Literate Database Work

I was asked to understand how the Keystone service of OpenStack (its authorization and authentication component) used MySQL. Like most things OpenStack, the documentation was pretty sparse, so instead of reading the source code, I went straight to the database.

I’m certainly no DBA, but I figured that I could look at the data for one our development systems and get a pretty good handle on the bug that we were facing. My approach to exploring the database is slightly different as I used my Literate Devops approach that I’ve been writing about recently, and thought I would share it as another example.

Header Properties

I SSH’ed (is that now a verb) to the controller node and tunneling port 3306 to my local system:¹

ssh -L 3306:controller:3306 controller

I then opened my latest Sprint Notes (formatted in Emacs’ org-mode), and created a header.

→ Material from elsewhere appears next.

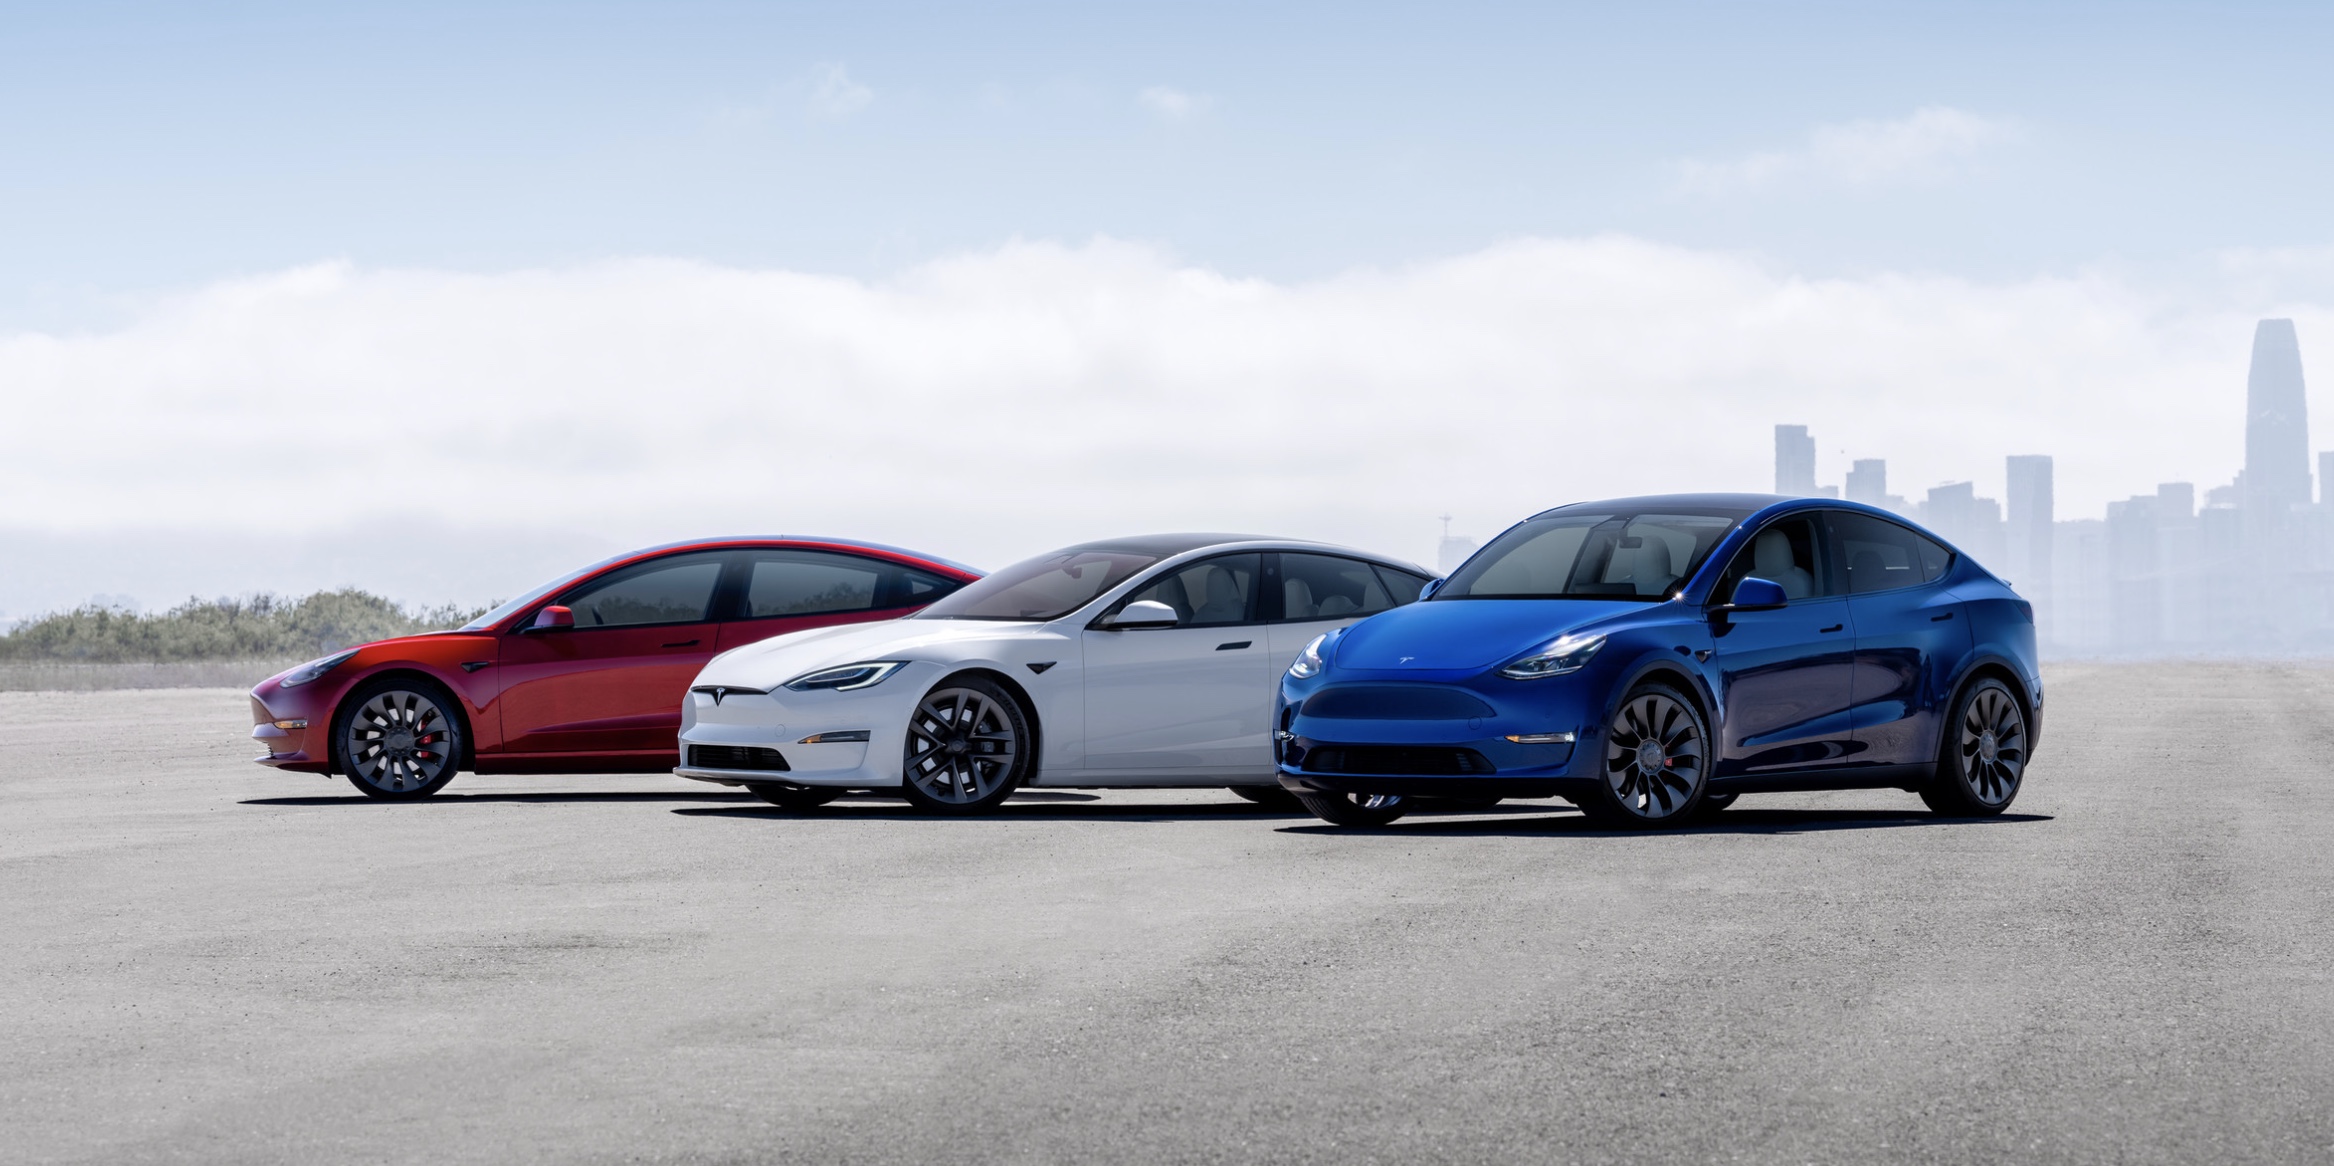 Tesla's Model 3 Is Here, and It's Much More Than an Electric Car
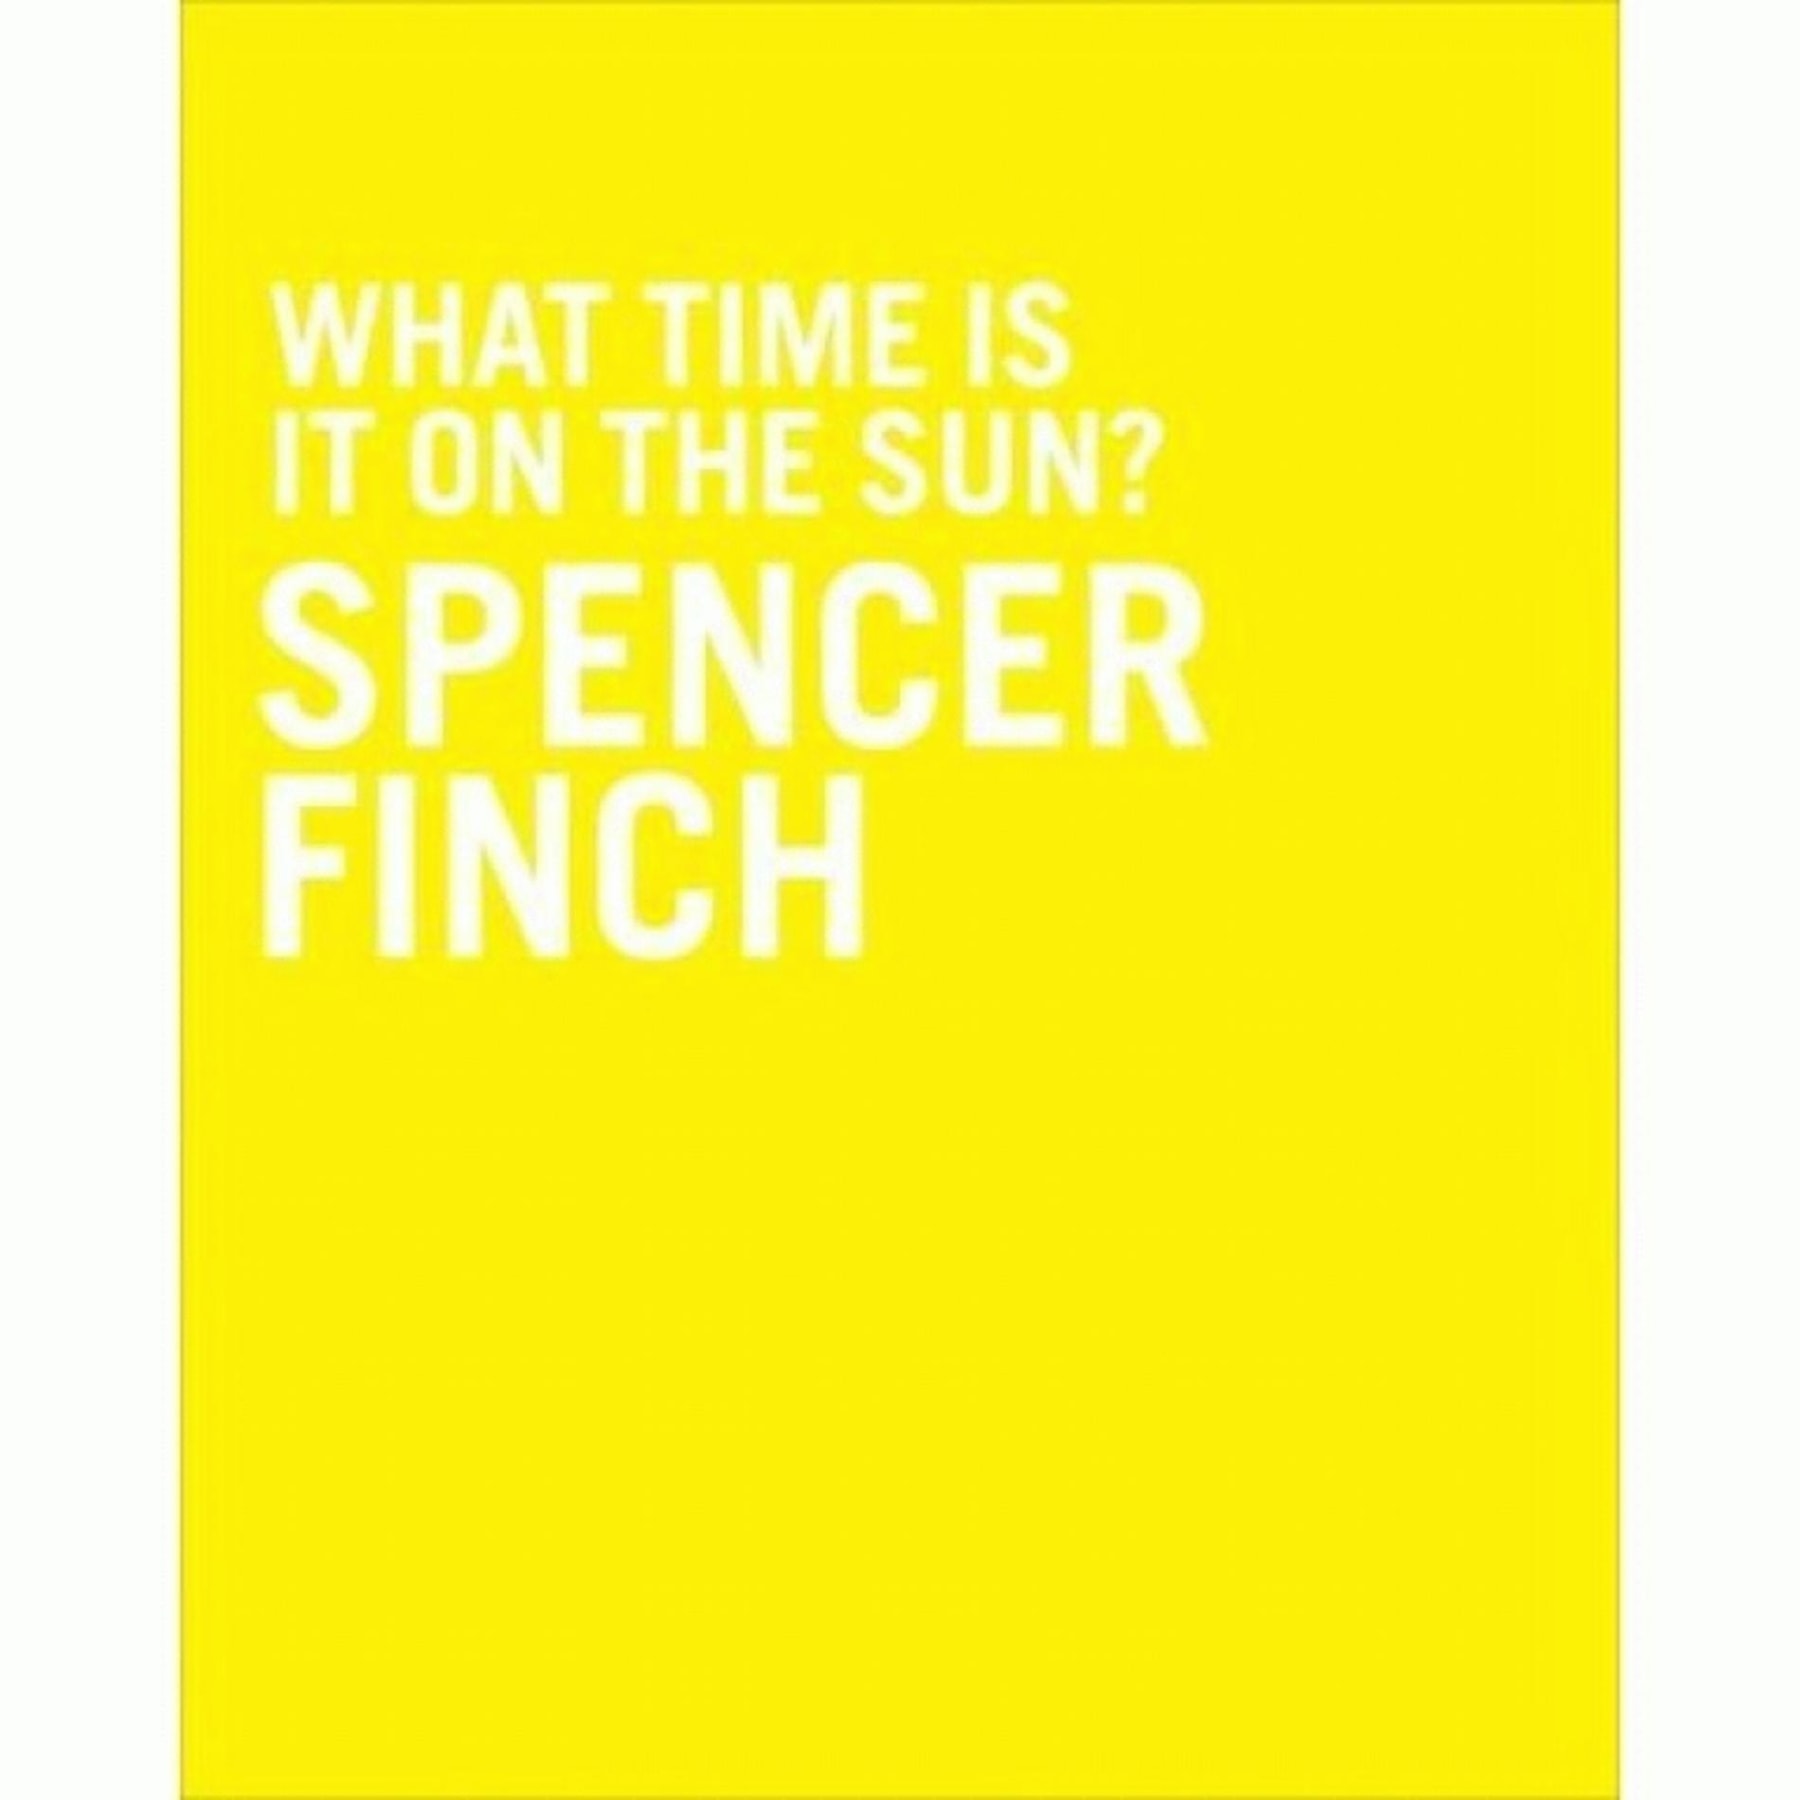 Spencer Finch: What Time is it on the Sun?

This was followed by a collapsible drawer of properties with the database connection information I found in a configuration file on the remote system.

** MySQL Analysis
  :PROPERTIES:
  :engine:   mysql
  :dbhost:   localhost
  :database: keystone
  :dbuser:   keystone
  :dbpassword: d97d880017c8b965
  :cmdline:  --protocol=tcp
  :exports:  both
  :END:

Notice the cmdline property. If the host is set to localhost, the MySQL connector attempts to connect to the database through a local file socket. Since this is actually a forwarded port, I need to insist that it use the TCP protocol.

Using SQL Code Blocks

Now I could begin my literate-oriented investigation. Since I assumed my results would be sent to teammates, my prose was for them as much as me…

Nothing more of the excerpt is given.